§ Activity:
Your response is a verbatim copy of the listing, stripped of its images.
*** Source material
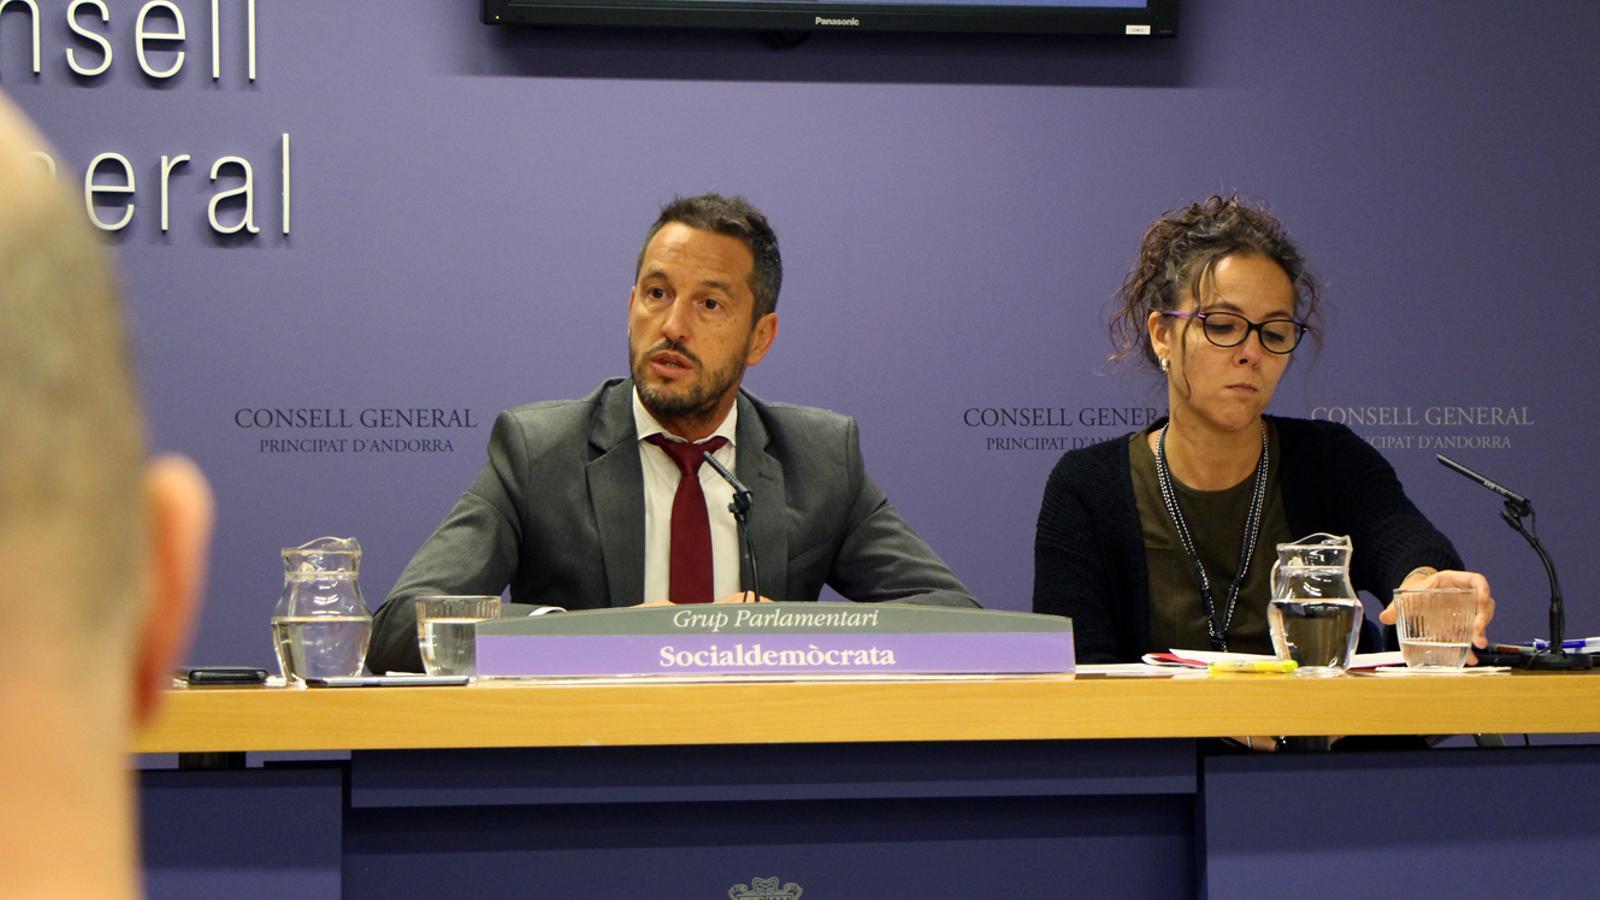 Els consellers generals del partit socialdemòcrata, Pere López i Judith Salazar. / M. P.
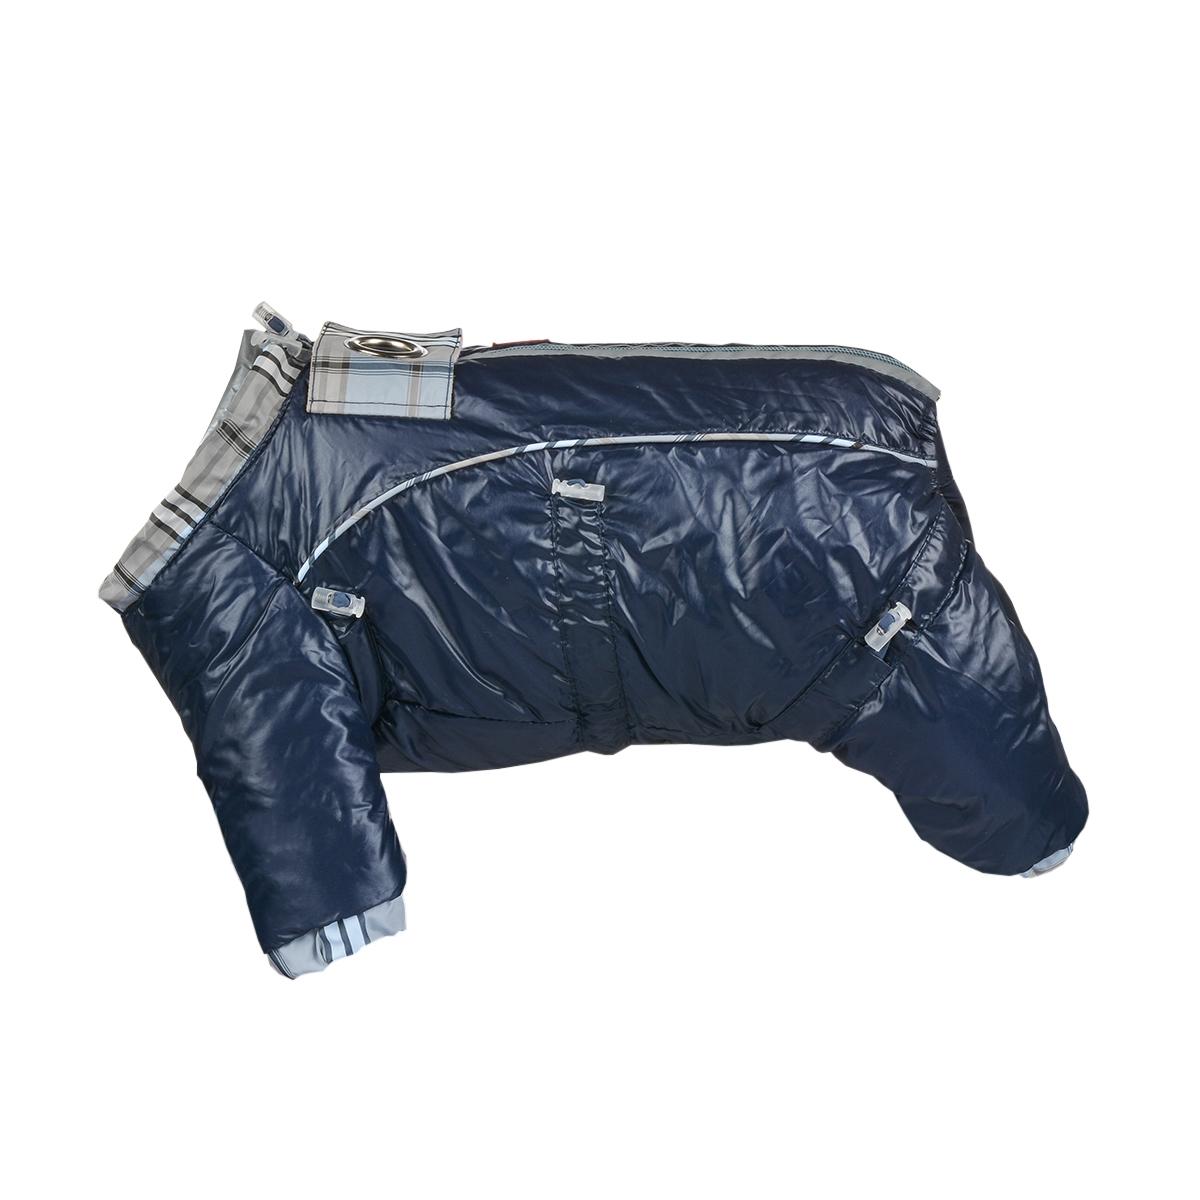 """Комбинезон для собак Dogmoda """"Doggs"""", зимний, для мальчика, цвет: темно-синий. Размер XL"""
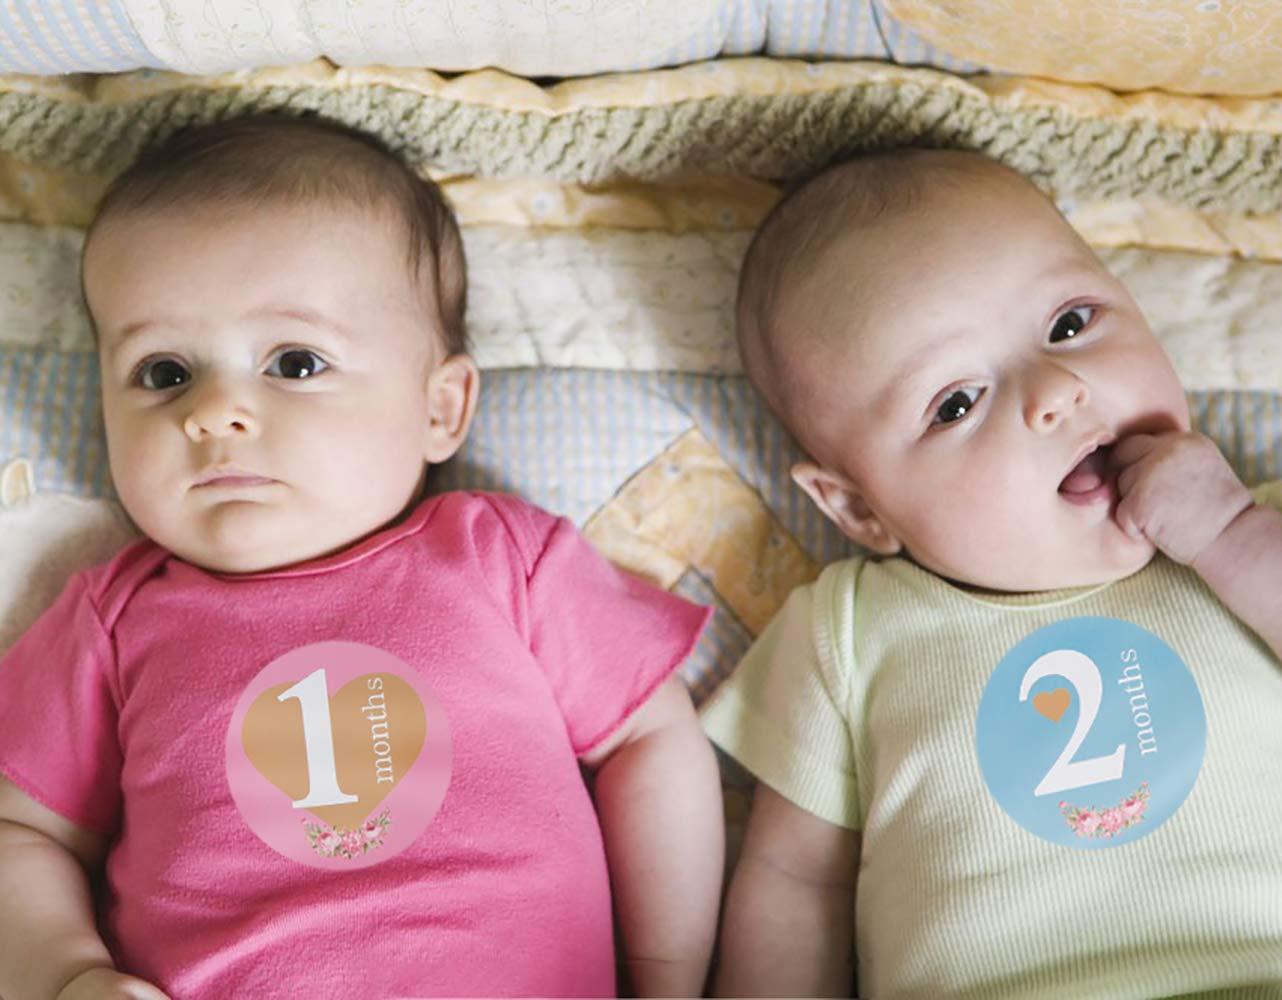 Adorable Baby Meilenstein Aufkleber f/ür Neugeborene M/ädchen Boy ersten Jahr 40er Set beste Baby Shower Registry Geschenk oder Scrapbook Foto Memory Keepsake Baby monatliche Aufkleber -
******
§ Problem solution:
 Els consellers generals del partit socialdemòcrata, Pere López i Judith Salazar. / M. P.
 """Комбинезон для собак Dogmoda """"Doggs"""", зимний, для мальчика, цвет: темно-синий. Размер XL"""
 Adorable Baby Meilenstein Aufkleber f/ür Neugeborene M/ädchen Boy ersten Jahr 40er Set beste Baby Shower Registry Geschenk oder Scrapbook Foto Memory Keepsake Baby monatliche Aufkleber -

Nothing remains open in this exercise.